Edit: And perhaps more to the point, it doesn't tell the player what his characterization is or should be; it just tells him how I've judged others will react to the characterization as I see it. Its more about how I see the NPCs than how I see the PC, and how I see the NPCs is my job. How the PC is is _his_ job.
It is merely that since absolutely everything else in the game that the GM can do can also modify or affect the player's behavior, I don't see any particular problem with one more mechanism, particularly if the GM uses it with restraint and the player and the GM make an effort to communicate any differences in interpretation. I suppose to a large extent it all boils down to a matter of taste.

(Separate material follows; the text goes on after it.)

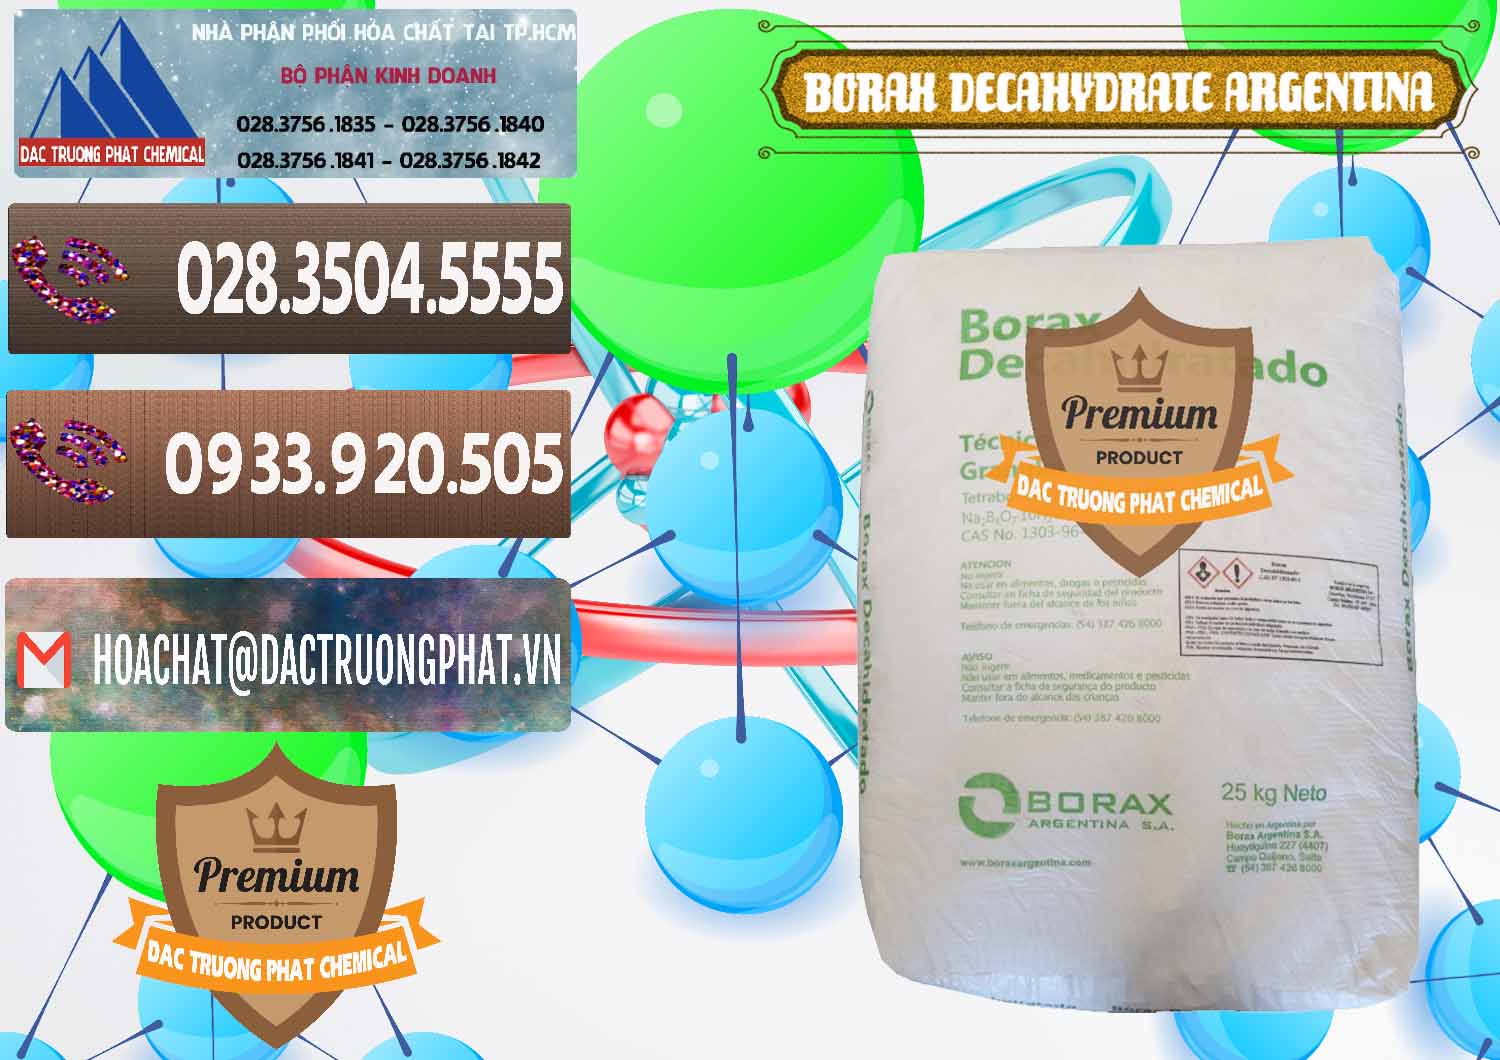 Cty chuyên phân phối ( bán ) Borax Decahydrate Argentina - 0446 - Công ty cung ứng & phân phối hóa chất tại TP.HCM - hoachatviet.net

Well, of course it is. I simply don't see any benign effect from extending it that way, as I consider most of the areas where a GM has to do that a necessary evil of the cooperative process. It _isn't_ necessary here, so why add to that evil?
 

Thomas5251212 said:
No, its taught me that bad die rolls on Toughness saves are too frequent and severe to be blown off.
If you should always have Conviction to spend on Toughenss, which is what you're insinuating here, why even have the roll? It's like you think PCs should be in no danger when in combat. That sounds pretty boring to me.

Thomas5251212 said:
Not a virtue there, either, but at least you don't run into Slay Living all the time, and at the levels where you expect to run into it with any frequency, there's recourse after the fact, since Raise Dead is trivial. But the fact the parent game for an overly linear sudden-death system has some degree of the same problems shouldn't be a suprise, and doesn't make the one at hand any less problematic.
Imbue Life is pretty trivial as well (even moreso in that it doesn't require an expensive component).

Thomas5251212 said:
And promptly followed it with "(I suppose you could stack the deck by choosing the kind of treasure you give out)". Reading the whole paragraph does help, you know.
I did read the entire paragraph, instead of chopping it apart as you've done here. If you're going to break from the common parlance the loss of communication is your fault, not mine.

Thomas5251212 said:
That's at least even handed, and doesn't actually pressure the players in any direction. What it will do at some point in D&D at least is make it impossible and unfun for people to play, but its not the problem I'm discussing.
Yeah, you missed the point that there were other ways for the GM to arbitrarily effect how powerful the characters are at any given time. To argue the Conviction system is bad because it can influence a character's power is pointless if you're not addressing every other means by which the GM does just that.

Thomas5251212 said:
Yes, I do. One turns on characterization, the others don't. If you don't get that, you don't.
In the same manner, it makes no difference from where the GM's power turns. To ignore the other means in which a GM can decide how things for for a PC is tantamount to putting your head in the sand.
 

Thomas5251212 said:
Try this once more: I don't care about arbitrariness in this context. That's not the issue; the issue is that the conviction reward mechanic in its current form exists to influence the characterization of the character. It serves no other purpose I can see in its current form, since there's no necessity to connect it to the personality of the character. Its handing the GM a hammer to influence I'm objecting to, nothing more. As long as you keep going off on tangents that don't have anything to do with that, you're wasting both our time.
Yes, Conviction influences the player to stay true to the character's conviction; you say that like it is a bad thing. It would only be a hammer if the system instruced the Narrator to remove conviction points when he feels the player character is going against his nature, which it doesn't. The only tangents I've commented on were those of your own creation. Your statement is ridiculous and you know it.